In-Context Data Distillation with TabPFN
Junwei Ma, Valentin Thomas, Guangwei Yu, Anthony Caterini
TL;DR
This paper introduces In-Context Distillation (ICD), a method to overcome TabPFN's ${\mathcal{O}}(n^2)$ memory barrier by learning a compact distilled context $\mathcal{D}_{dist}$ that preserves predictive information for large tabular datasets. ICD optimizes the context via backpropagation through the context tokens, without retraining the model, enabling TabPFN to operate with fixed memory while maintaining strong performance. On 48 large OpenML datasets, TabPFN-ICD significantly outperforms TabPFN and default XGBoost baselines and approaches the performance of tuned XGBoost, illustrating the efficacy of context-based data distillation for in-context learning in tabular domains. The approach thus broadens the practical applicability of TabPFN to real-world, large-scale tabular data, with potential implications for faster inference and scalable meta-learning on structured data.
Abstract
Foundation models have revolutionized tasks in computer vision and natural language processing.
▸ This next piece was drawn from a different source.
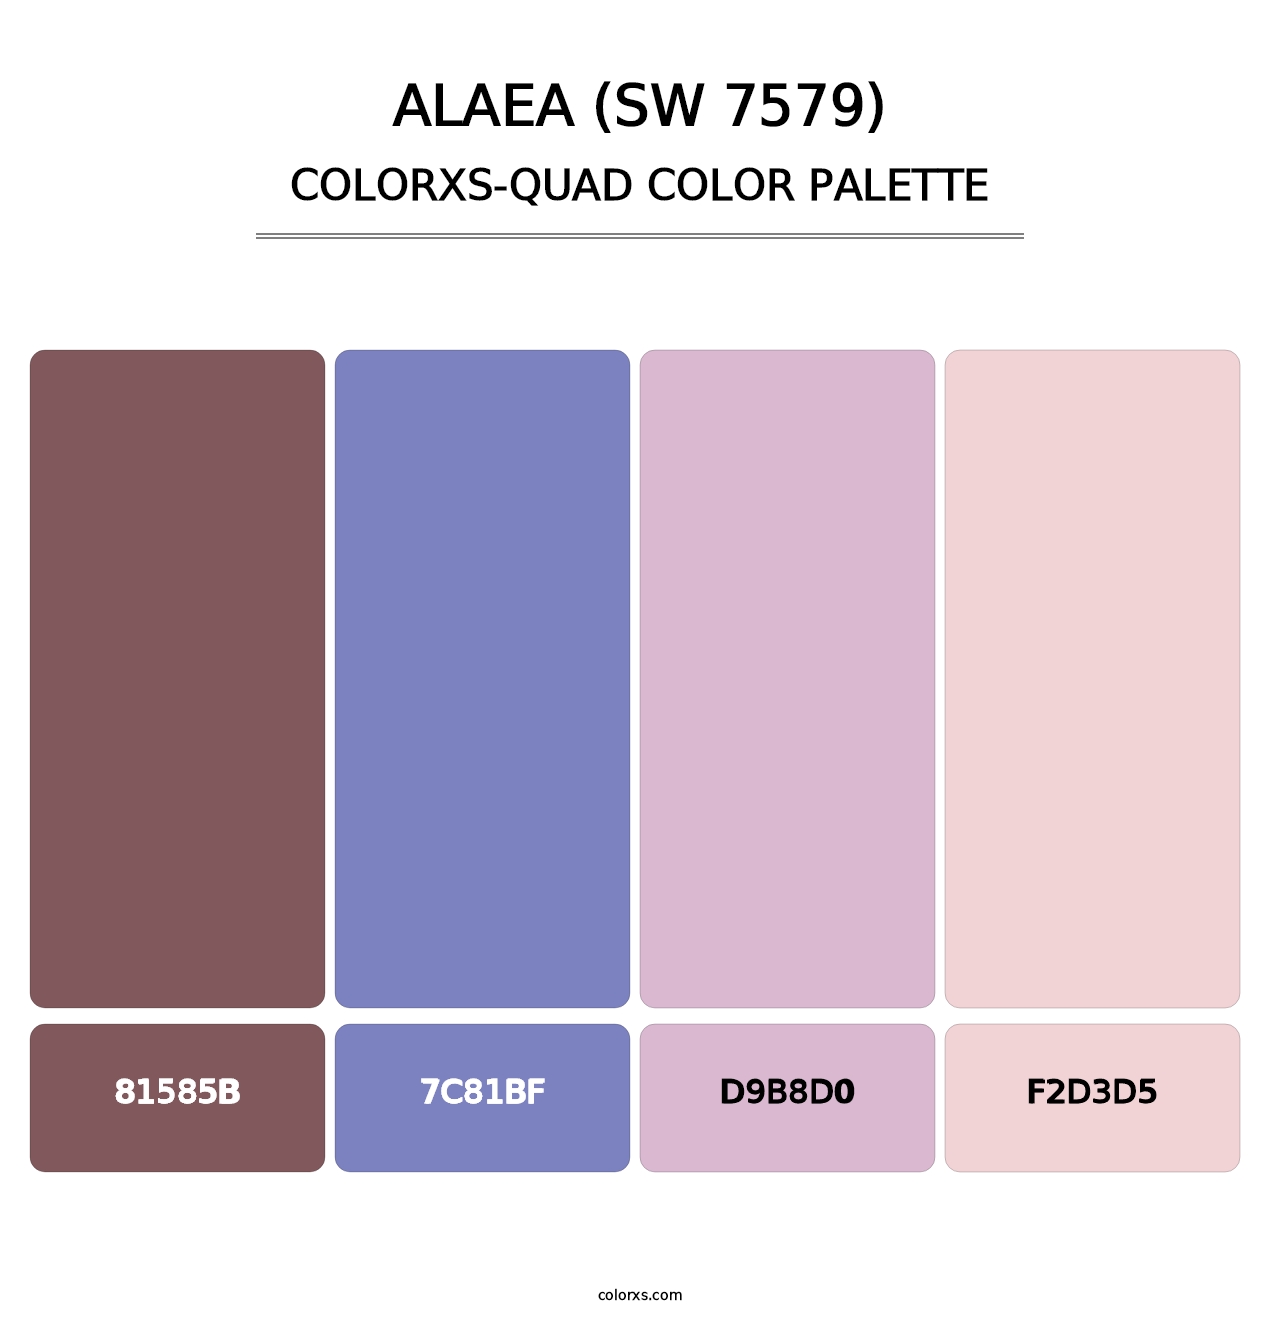 Alaea (SW 7579) - Colorxs Quad Palette

However, in the realm of tabular data, tree-based models like XGBoost continue to dominate. TabPFN, a transformer model tailored for tabular data, mirrors recent foundation models in its exceptional in-context learning capability, being competitive with XGBoost's performance without the need for task-specific training or hyperparameter tuning. Despite its promise, TabPFN's applicability is hindered by its data size constraint, limiting its use in real-world scenarios. To address this, we present in-context data distillation (ICD), a novel methodology that effectively eliminates these constraints by optimizing TabPFN's context. ICD efficiently enables TabPFN to handle significantly larger datasets with a fixed memory budget, improving TabPFN's quadratic memory complexity but at the cost of a linear number of tuning steps. Notably, TabPFN, enhanced with ICD, demonstrates very strong performance against established tree-based models and modern deep learning methods on 48 large tabular datasets from OpenML.